→ Source material:
------

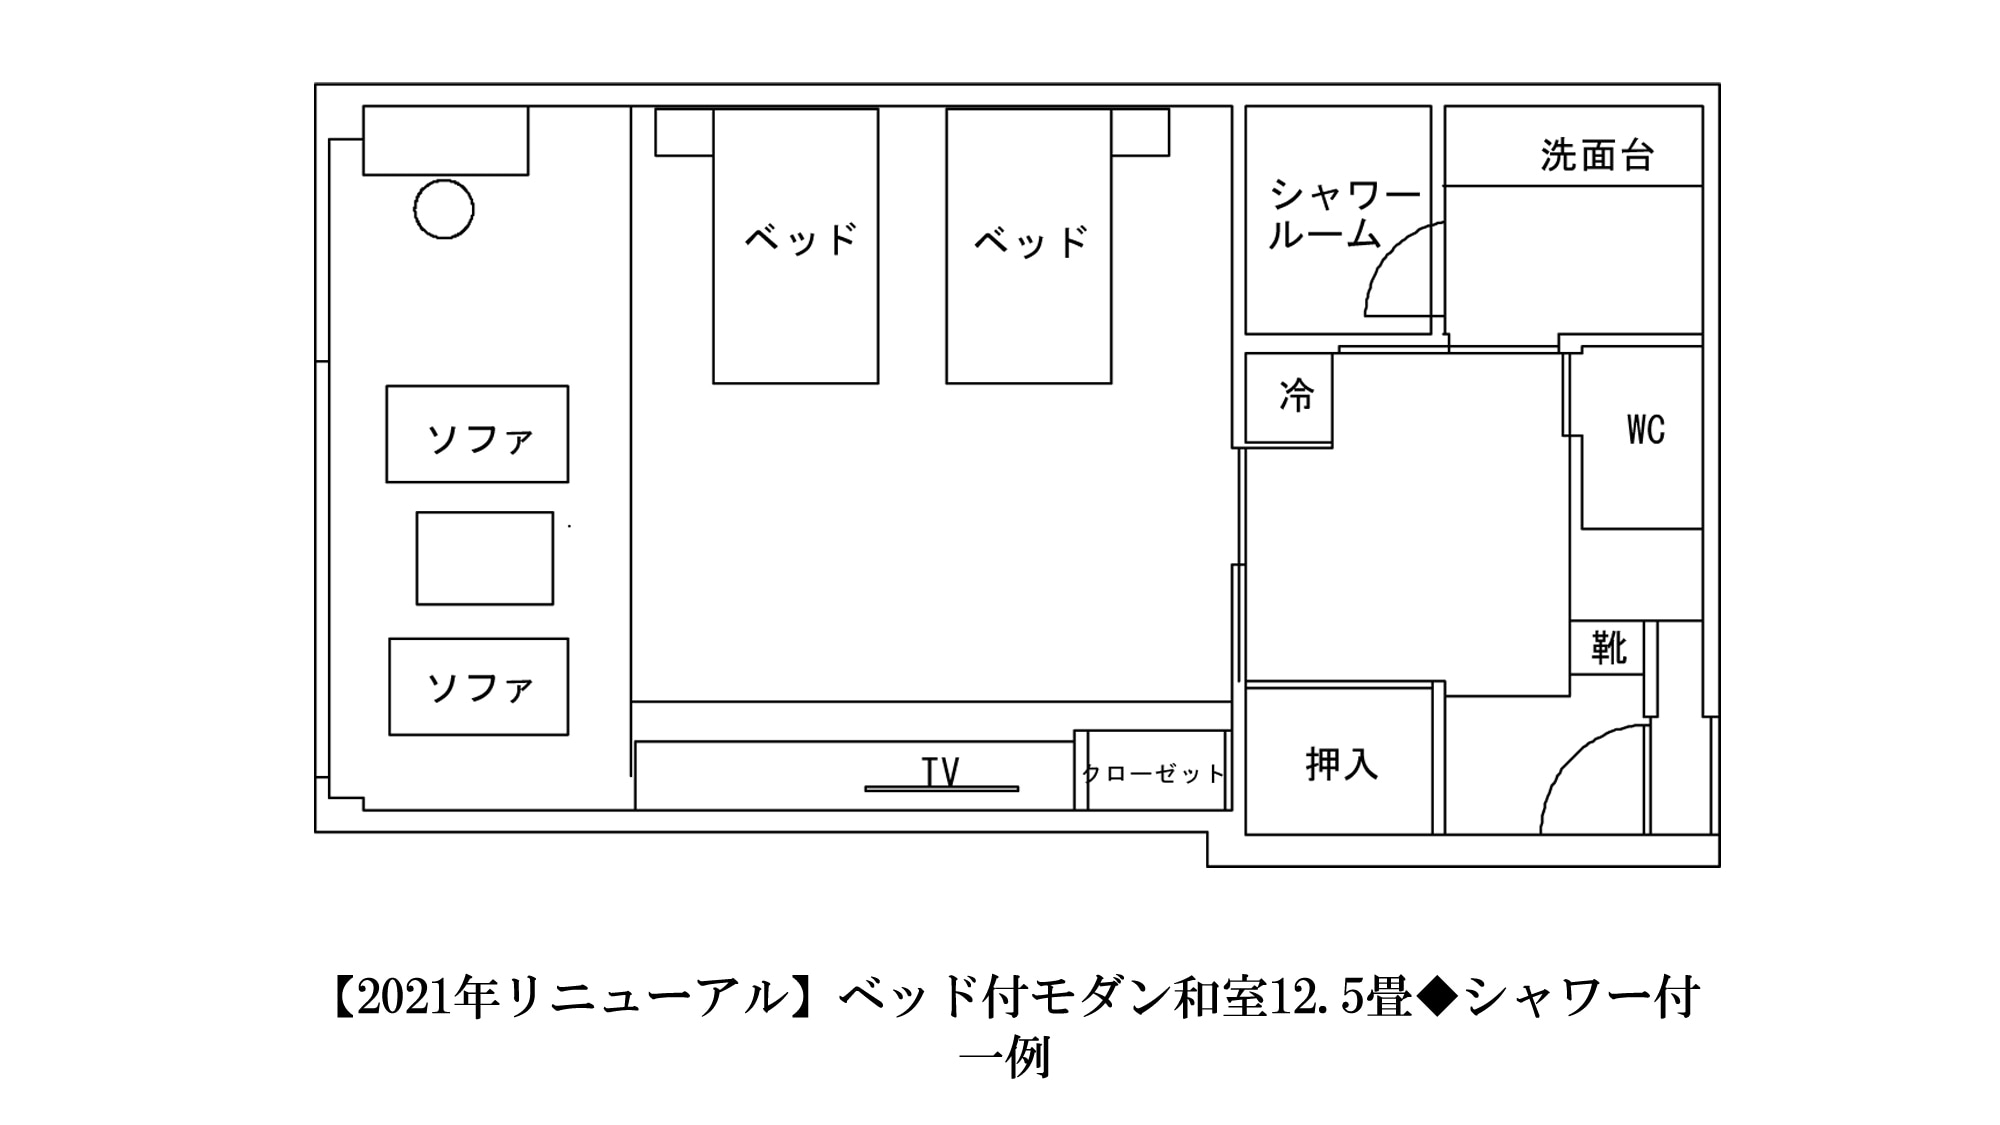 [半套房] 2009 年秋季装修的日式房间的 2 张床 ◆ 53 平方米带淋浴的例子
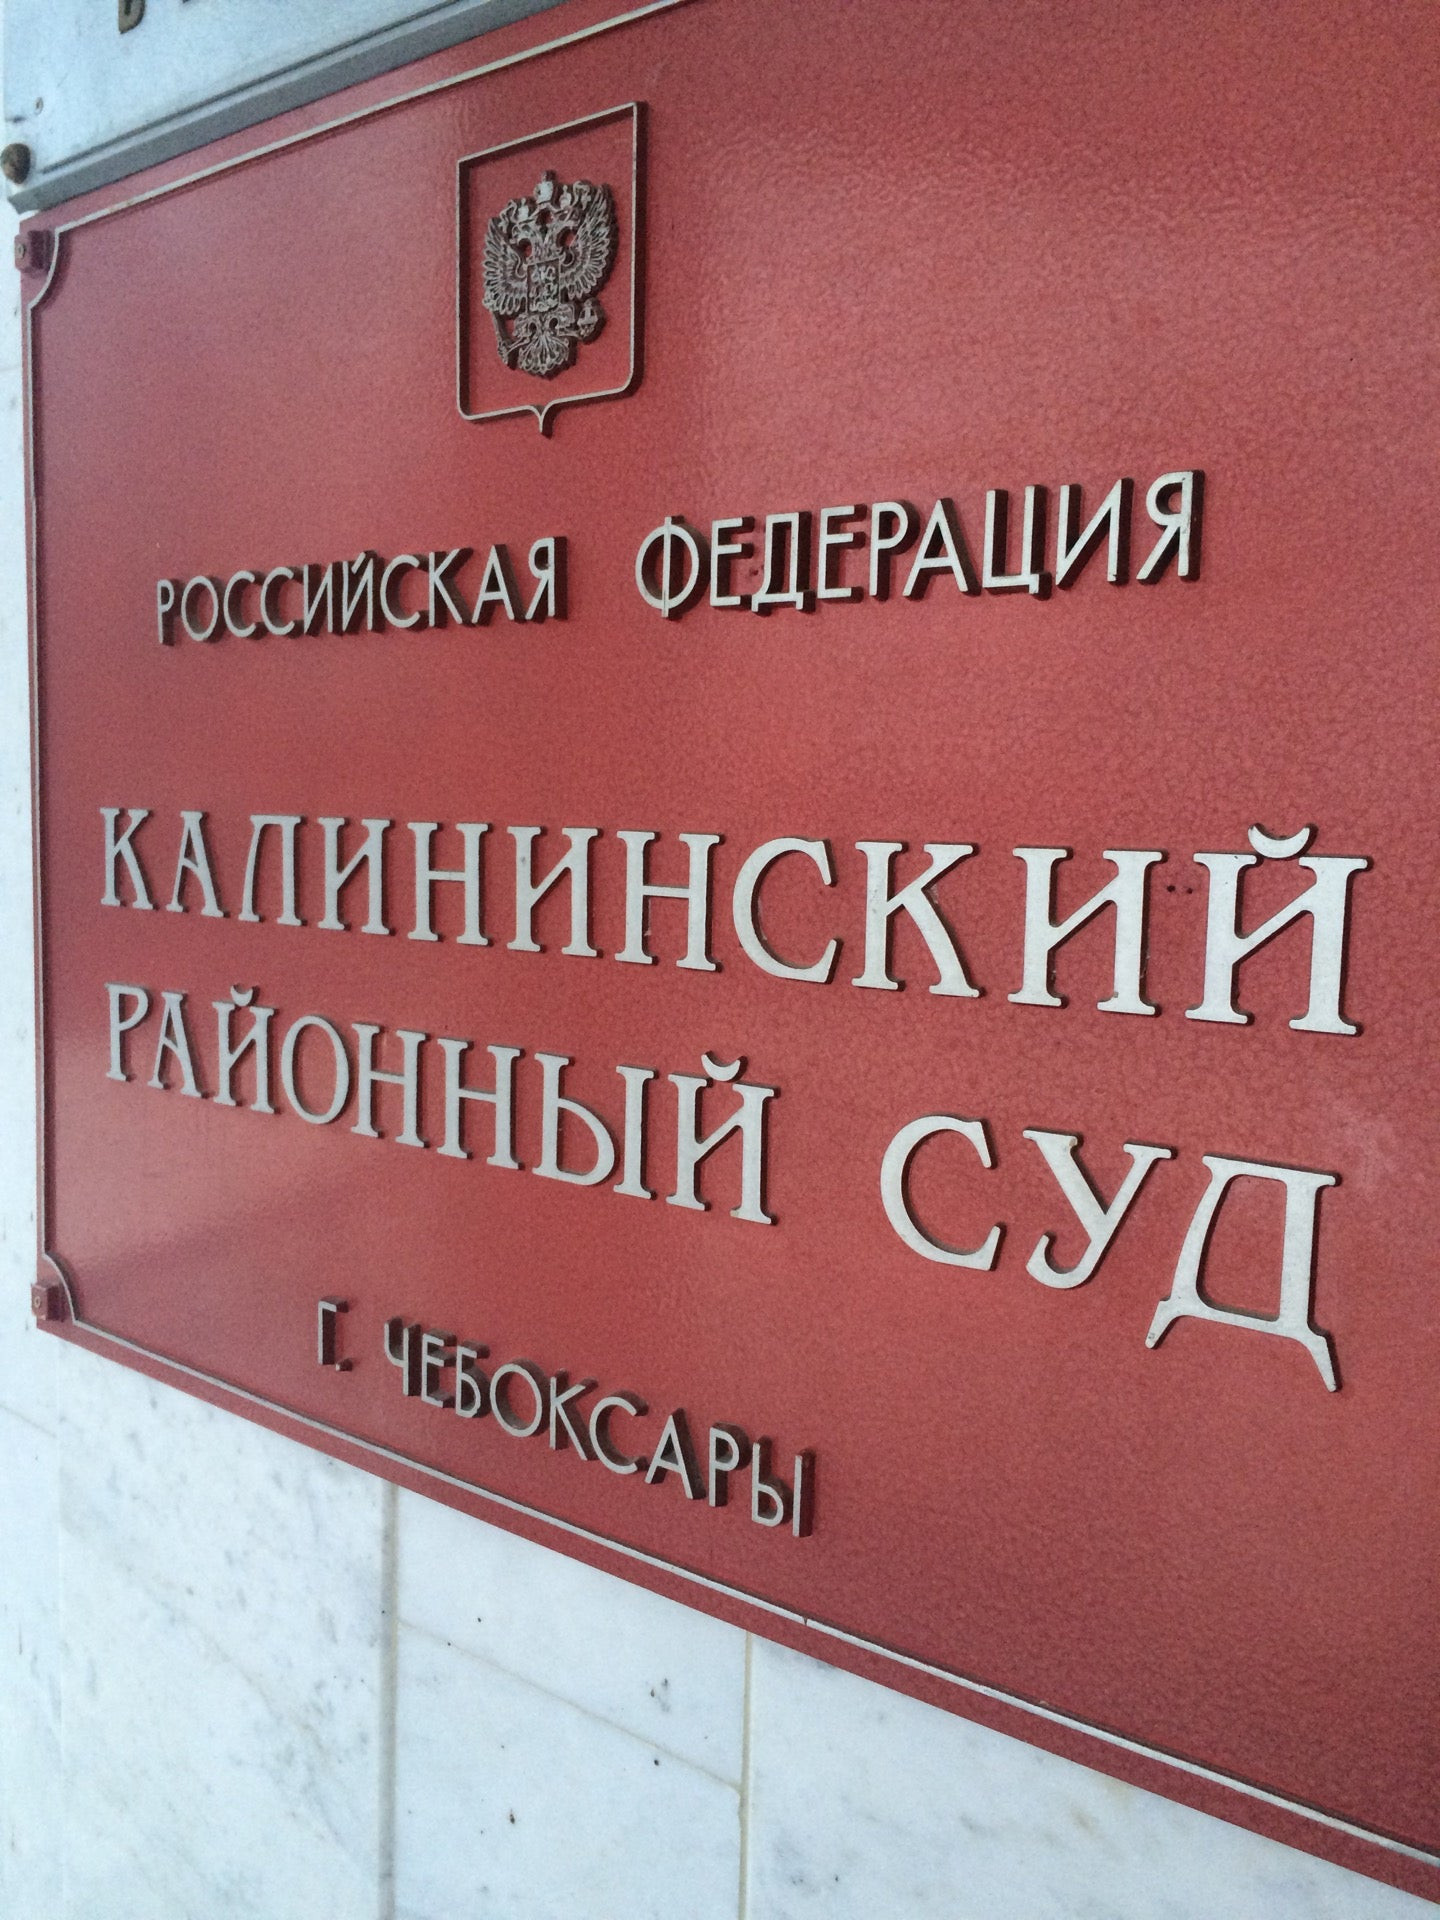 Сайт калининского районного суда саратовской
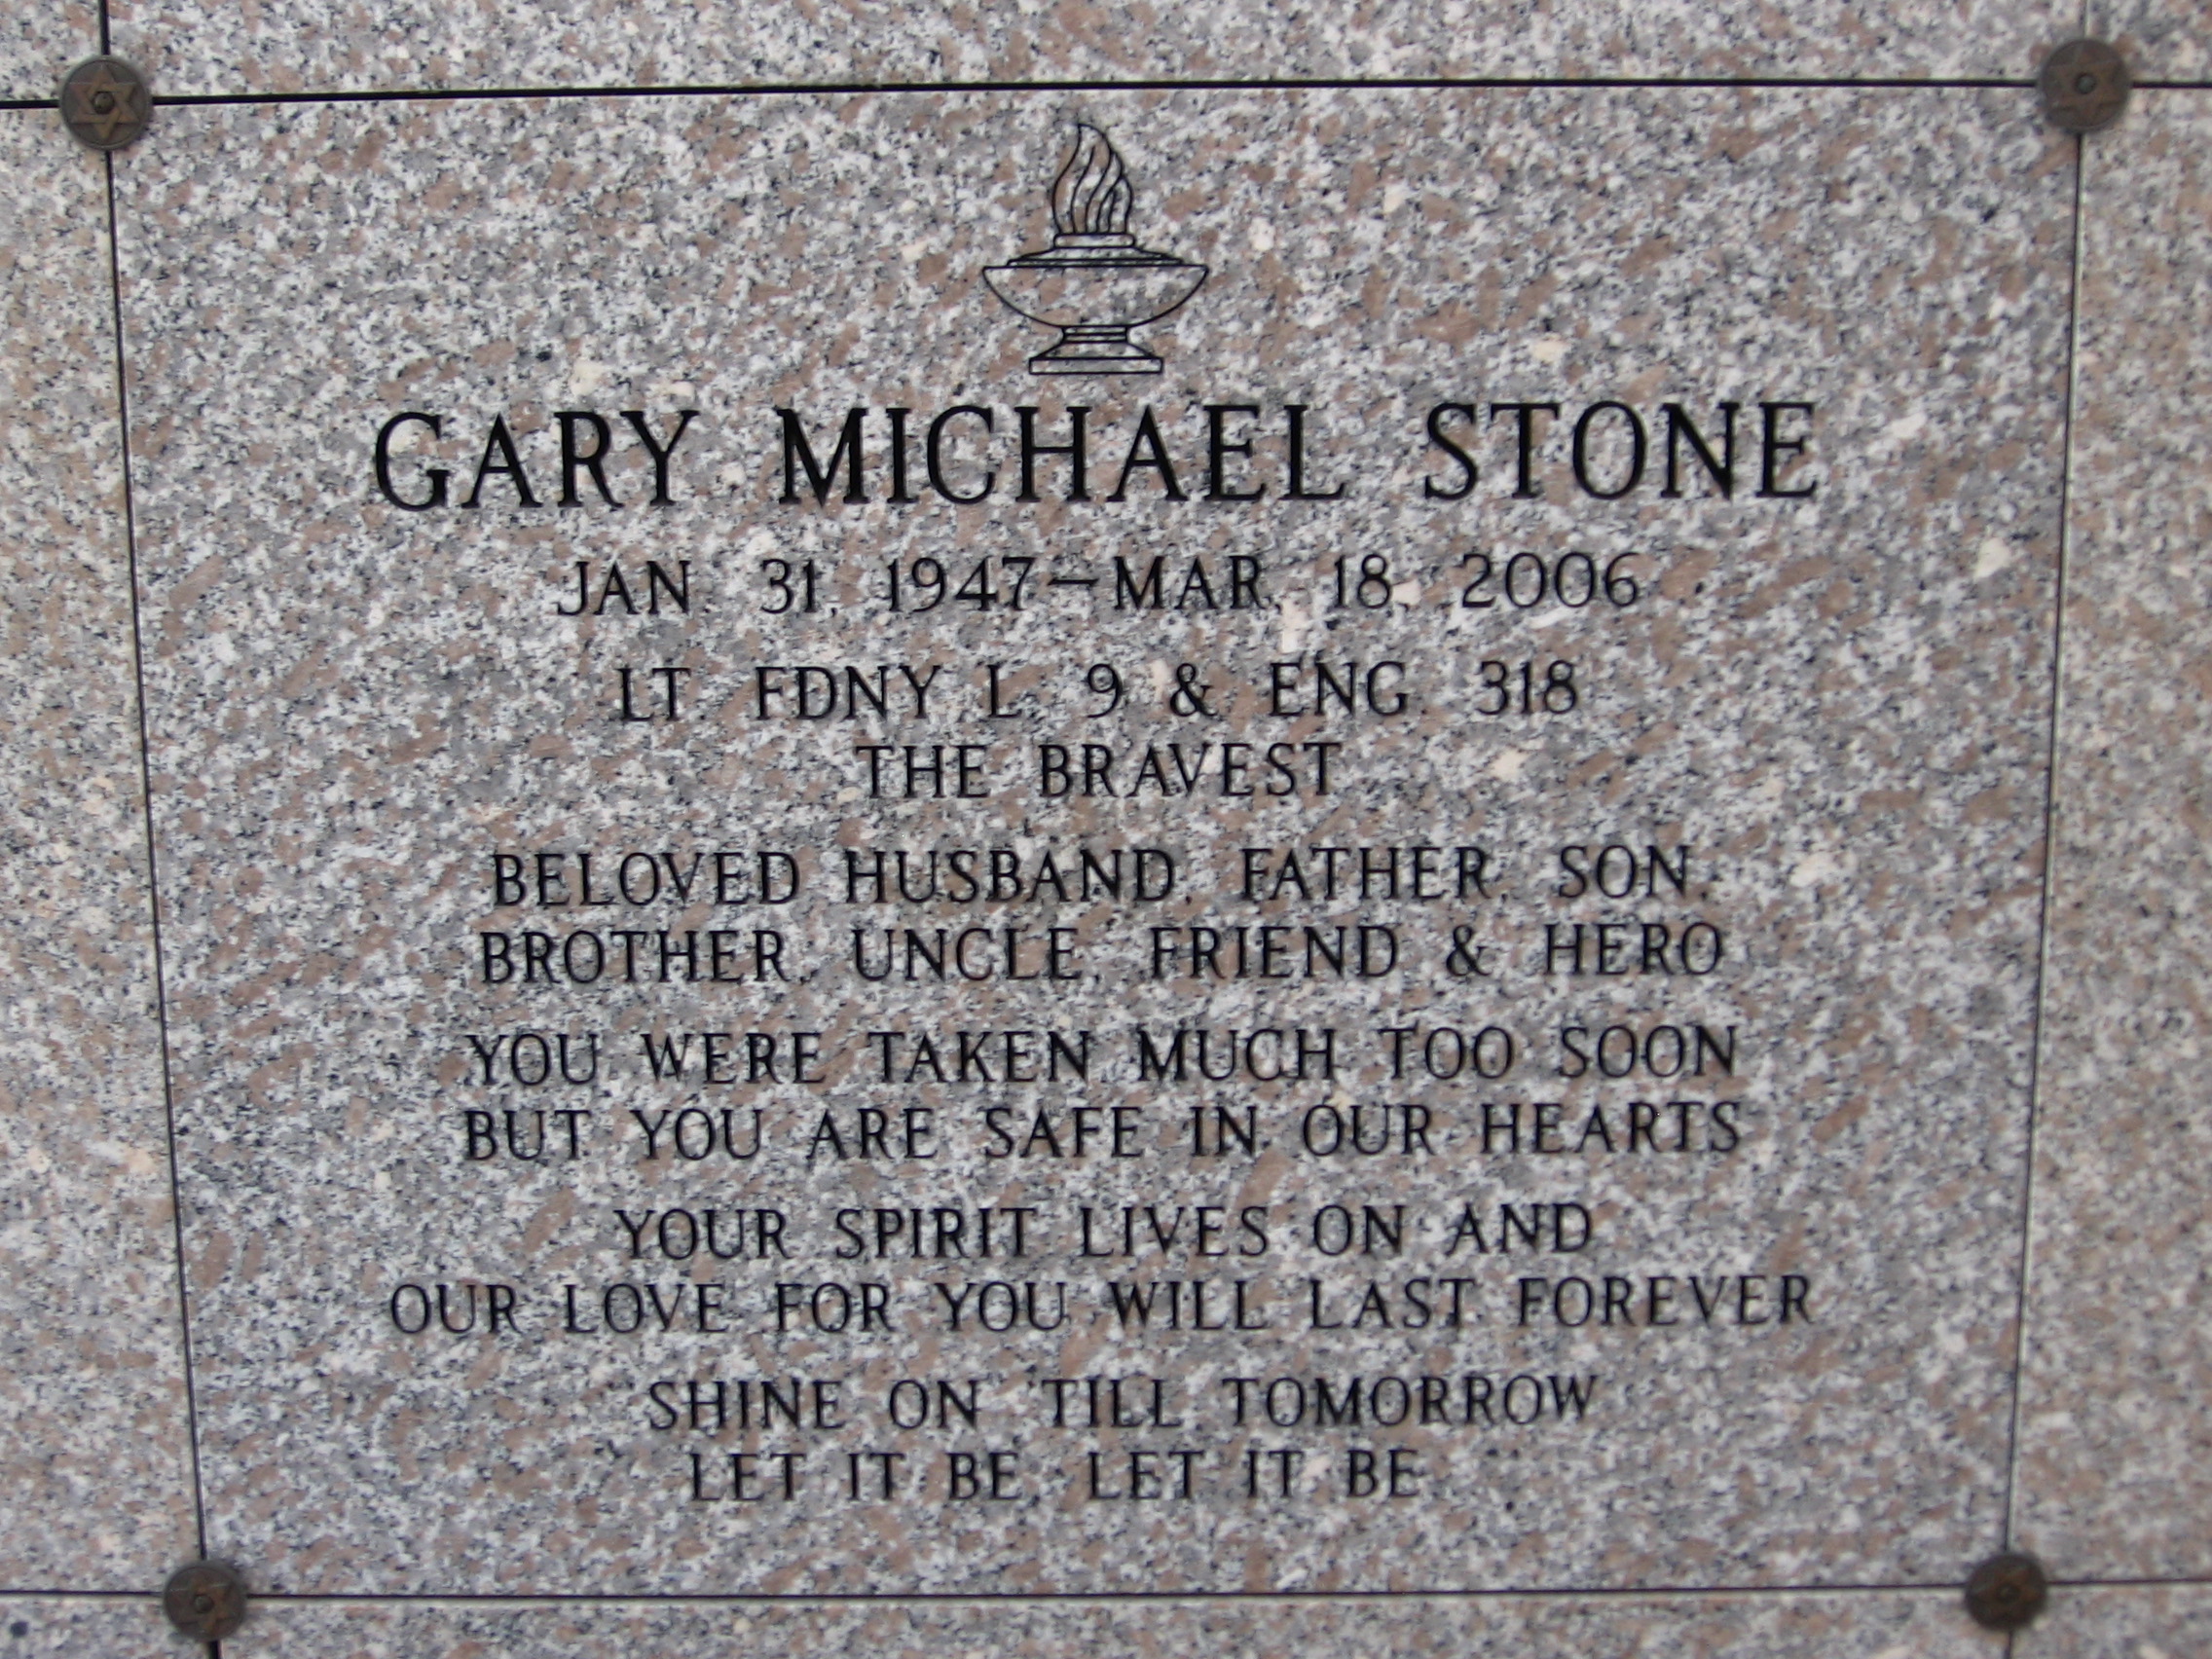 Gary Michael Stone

------

Would you return the data above exactly as written, minus the images?

 [半套房] 2009 年秋季装修的日式房间的 2 张床 ◆ 53 平方米带淋浴的例子
 Сайт калининского районного суда саратовской
 Gary Michael Stone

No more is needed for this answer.